The three of them trudged over the ice, huddled against the biting wind. Maybe the whole thing had been the purest kind of accident, with a gust of wind knocking Sonja off the platform as she switched her second safety rope to a new anchor, and by chance the first one frayed, or its point of attachment came loose. The air was thinner up there, but the wind was faster; it could take you by surprise.
“Which leg?” Freya asked, as they approached the northern tripod.
“I’m not sure,” Erna admitted.
Freya’s anger returned; every ascent was supposed to be logged in detail. “Do we even know who was up there with her?”
“Lofn, Juliet, and… your niece.”
Gersemi. Freya felt a pang of shame, as if this compounded her own culpability. But she had never been softer on Gersemi than she had on anyone else. And apparently it made no difference anyway; they all ignored her pleas to take the protocols seriously.
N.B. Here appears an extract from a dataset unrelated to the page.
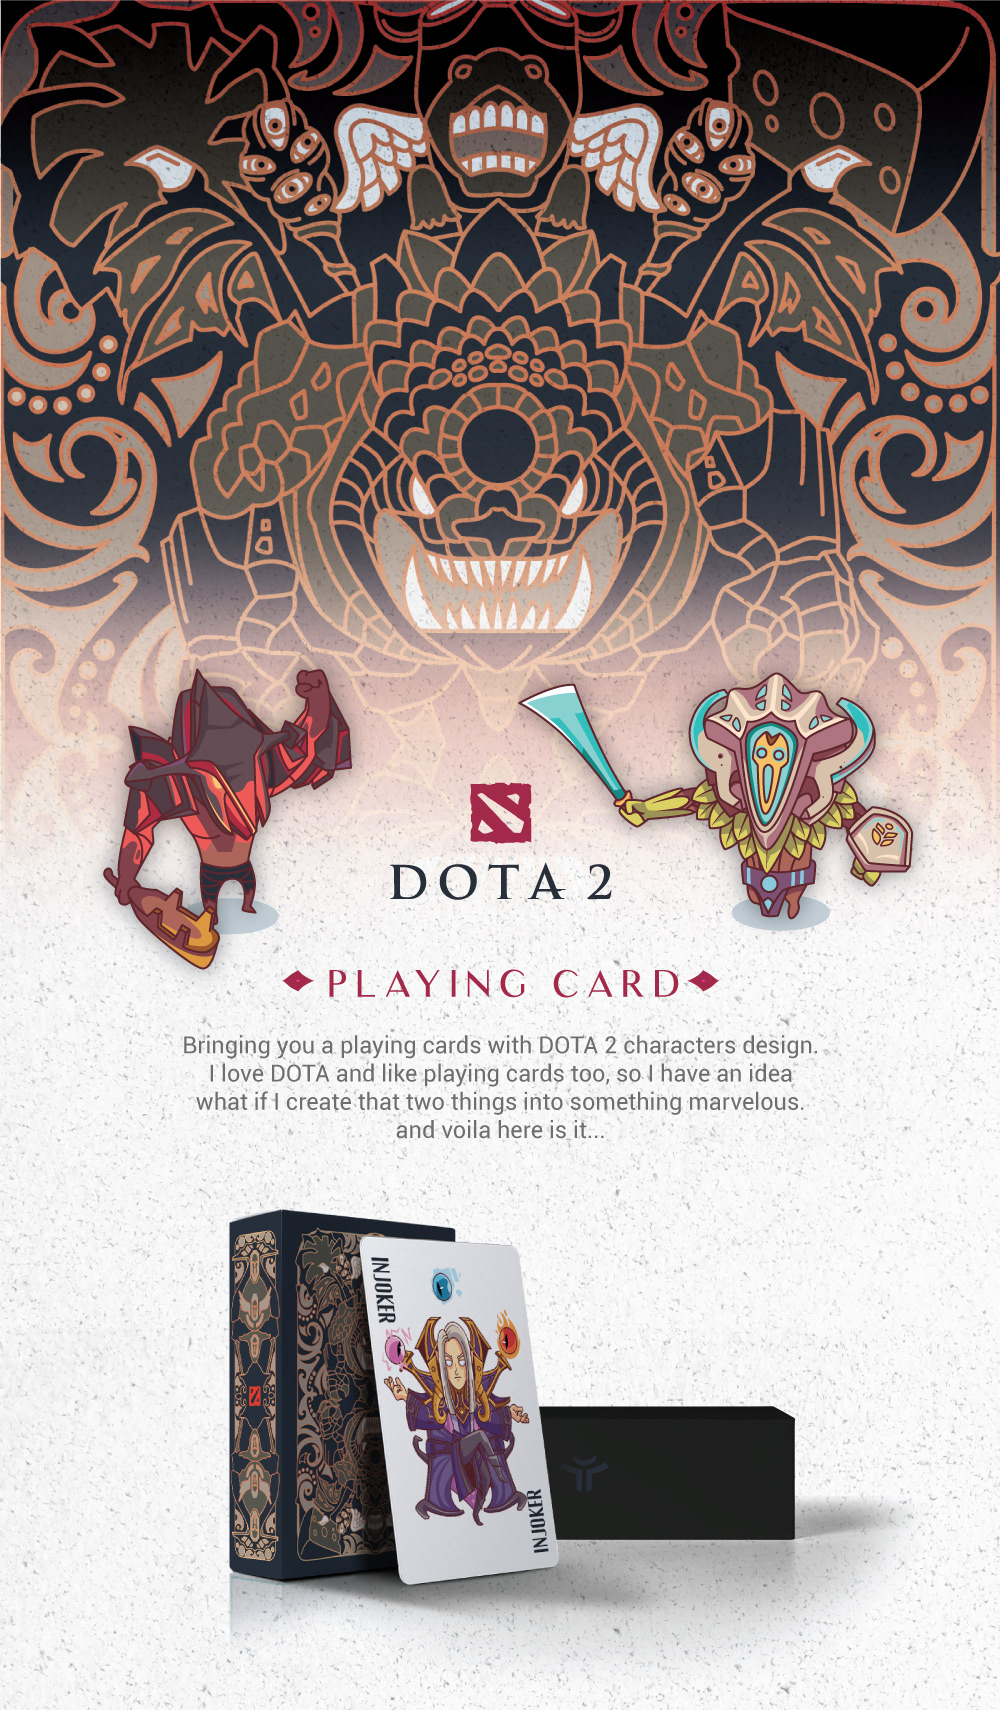 DOTA 2 Deluxe Playing Cards (Black) - Collection playing cards

When they reached the nearest leg of the tripod, Freya peered up along the staircase, but she couldn’t see anyone descending. She wasn’t going to run back and forth between the three legs, waiting for someone to come into view; she sat down on the staircase and motioned to the others to join her. At least here they were sheltered a little from the wind.
Gro said, “They must have been fitting the last sets of double doors.”
That made sense, but Freya still wondered about the timing. “Then they were well ahead of schedule.” She and Gro had only just started their inspections; it would be days before they reached this tripod. And in any case, she never put pressure on anyone to rush their work. It was the ice that set the pace in the end; they wouldn’t get to Tvíburi a day sooner by hurrying some bit of carpentry.